This is the first few scenes of a radio version of an old script. Any comments appreciated.
Cheers,
Bo.
SCENE 1BLACKSTONES BOOKSHOP
THE BOOKSHOP IS FILLED WITH THE CHATTER OF A MAINLY FEMALE CROWD
Gimley:
Ahem!
THE CHATTERING DIES DOWN.
Gimley:
Good evening ladies and... erm... ladies. May I welcome you all to Blackstones book emporium where, this evening, we are honoured to have with us, to read extracts from his latest novel, one of England's most esteemed authors. Would you please join me in giving a hearty welcome to Mr.

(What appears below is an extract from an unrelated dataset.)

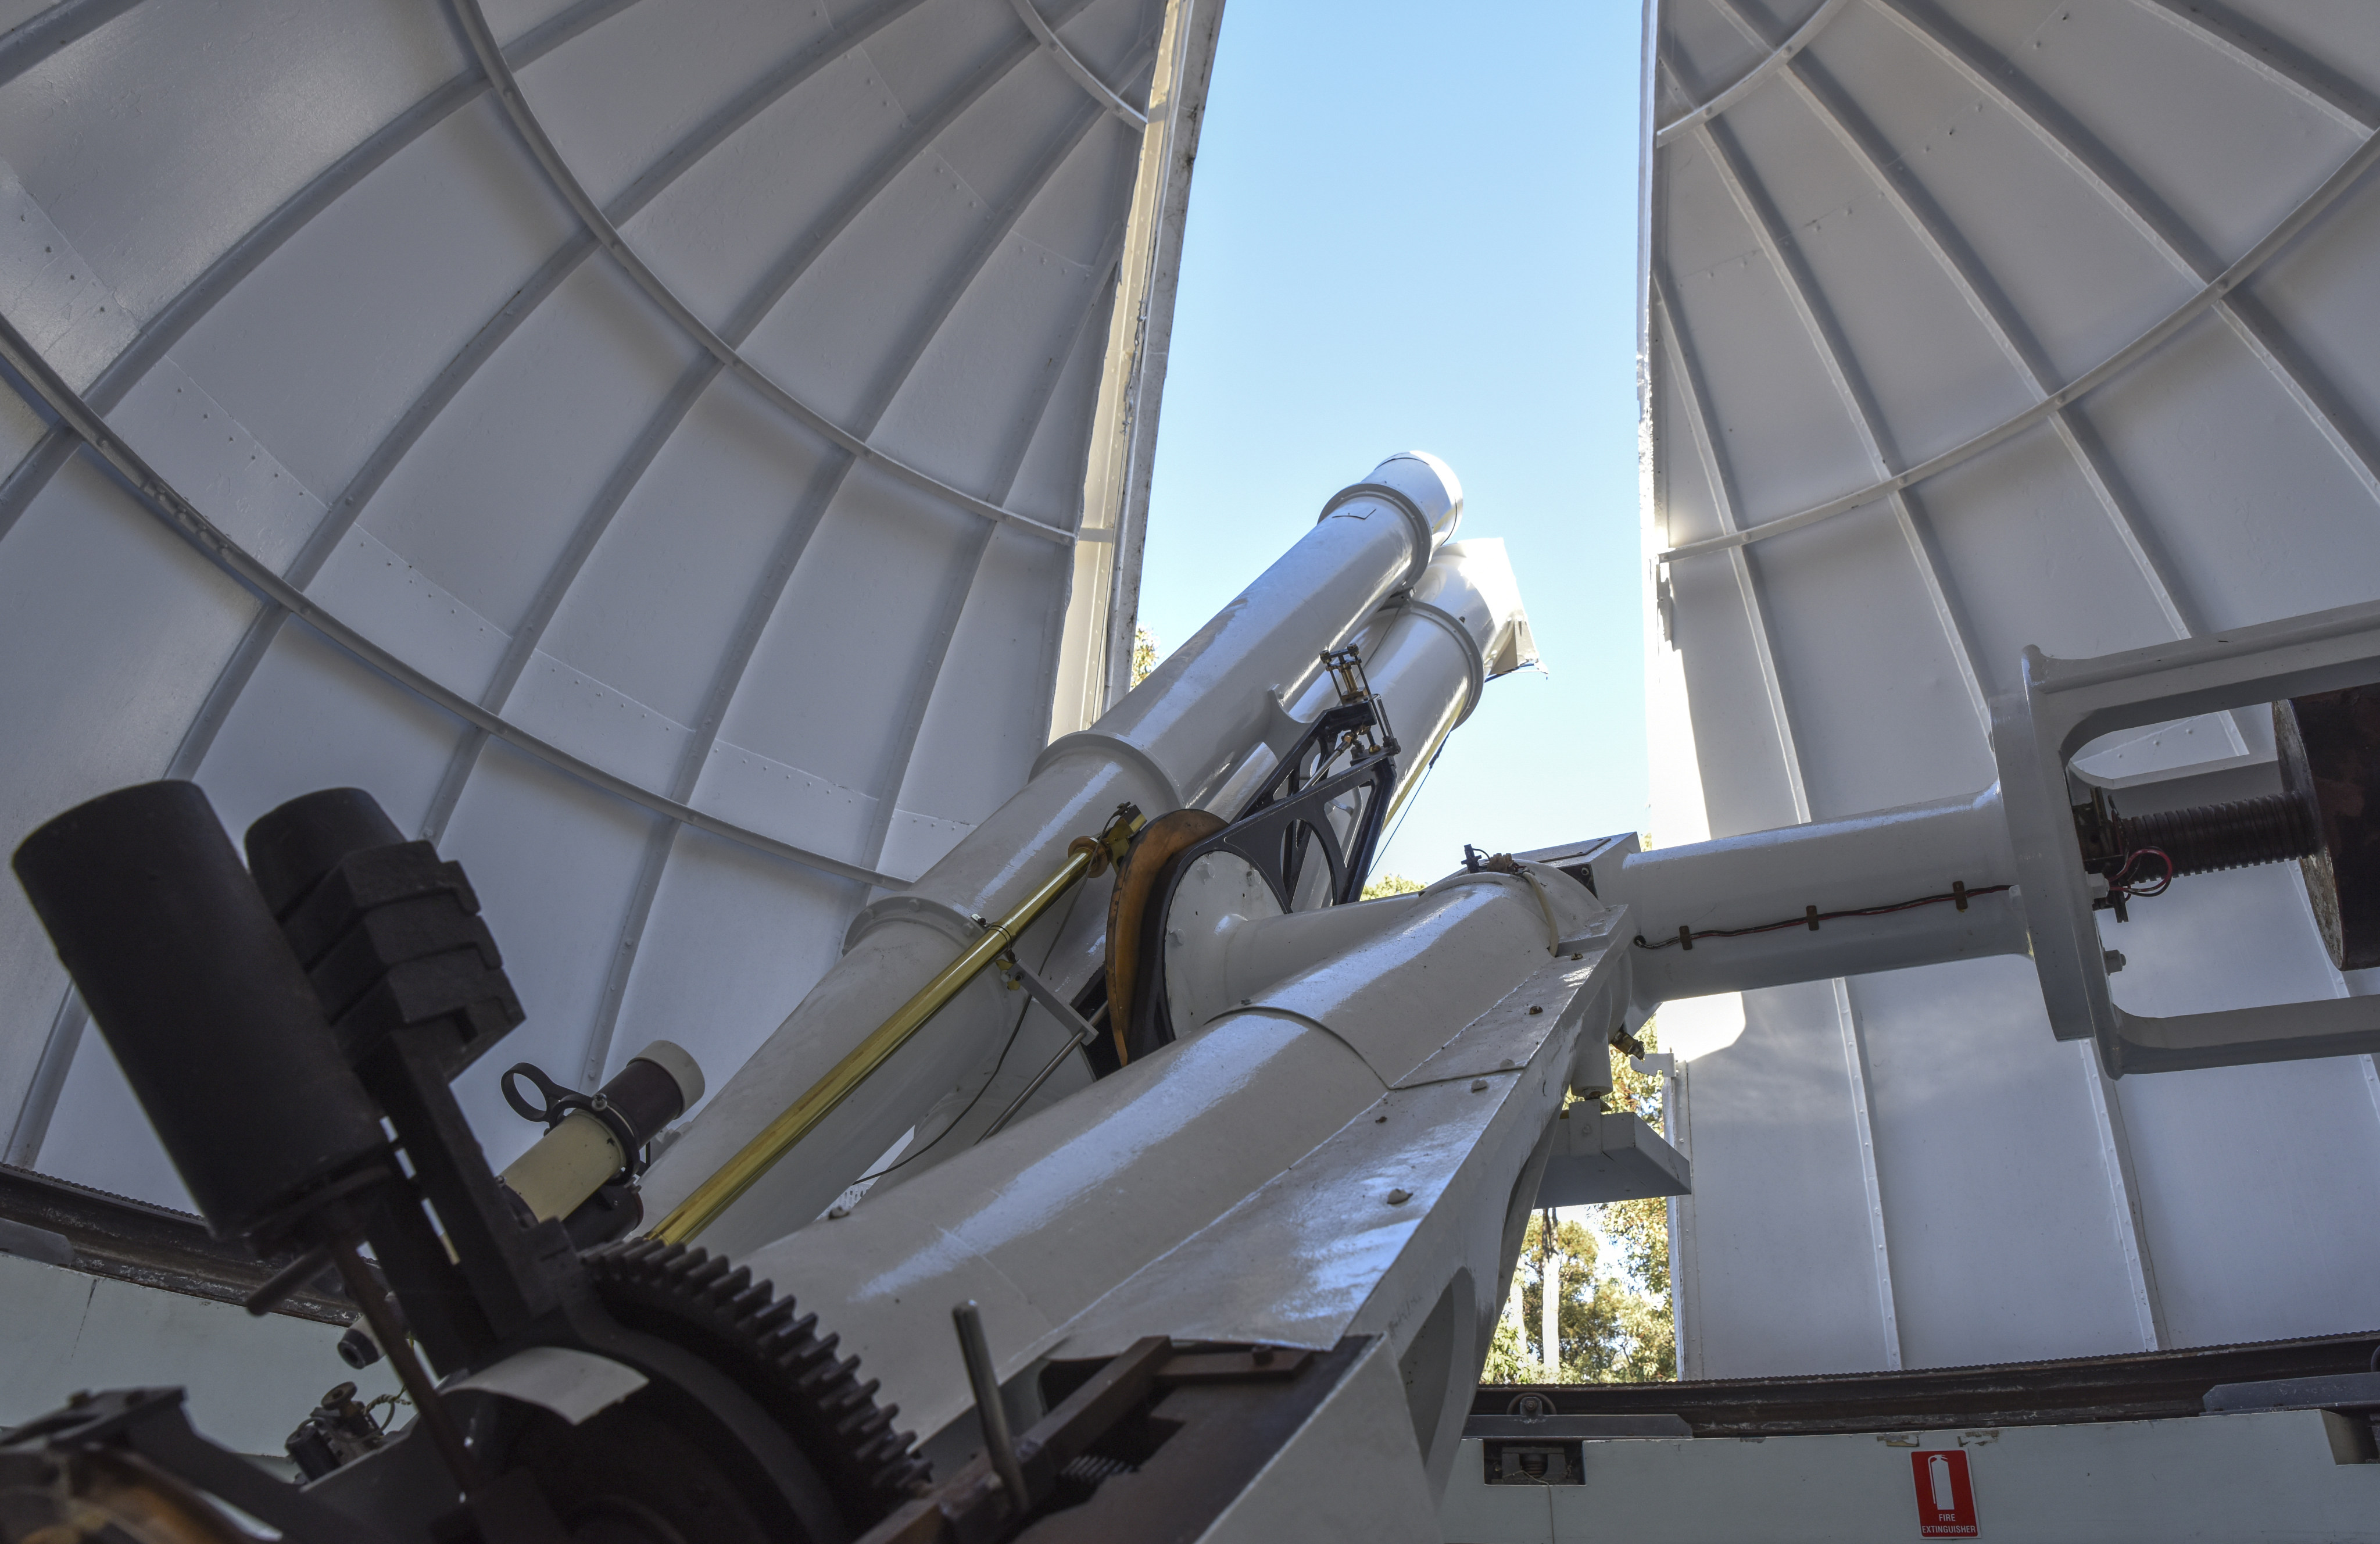 A space telescope at Perth Observatory in Western Australia. Photo: Ronan O’Connell

Charles Dickens.
THERE IS A RIPPLE OF POLITE APPLAUSE.
Dickens:
Please... you are too kind.
THE APPLAUSE PETERS OUT.
Dickens:
Thank you Mr. Gimley for that kind introduction. It is always a pleasure to return to... erm... err...
Gimley:
(OFF) Blackstones,
Dickens:
...Blackstones. I always find this establishment's patrons among the most knowledgeable and intelligent of all my audiences.
THERE IS AN APPRECIATIVE MURMER FROM THE AUDIENCE
Dickens:
And so to my latest work...
Gimley:
(V.O.) Watching Mr. Dickens that evening reminded me of my own ambitions. I'd left friends, family and my beloved fiancée behind and travelled to London to find my fortune. While pursuing my dream of becoming a writer I'd taken a temporary position in Blackstones bookshop. But one year later, there I remained - no closer to the writing career I craved until... a chance meeting with a quite remarkable man and a decision that was to change my life irrevocably. My name is Thomas Gimley and this is my story. It is not a fiction.
Dickens:
...That was a memorable day to me, for it made great changes in me but it is the same with any life. Imagine one...
Woman #1:
(OFF) Marry me!
Dickens:
Erm... imagine one selected day struck out of it, and think how different its course would have been.
Woman #2:
(OFF) I love you Charlie!
Dickens:
(BEAT) Pause you who read this...
Woman #3:
(OFF) I love you more! Marry me Mr. Dickens!
Woman #4:
(OFF) No! Me! Marry me!
SOON ALL THE WOMEN ARE SHOUTING OUT TO DICKENS.
Dickens:
Erm... Pause you who read this and think for a moment of the long chain of iron or gold...
Woman #5:
(OFF) Get 'em off!
THE CRIES OF THE CROWD GROW LOUDER.
Dickens:
...of thorns or flowers that would never have bound you...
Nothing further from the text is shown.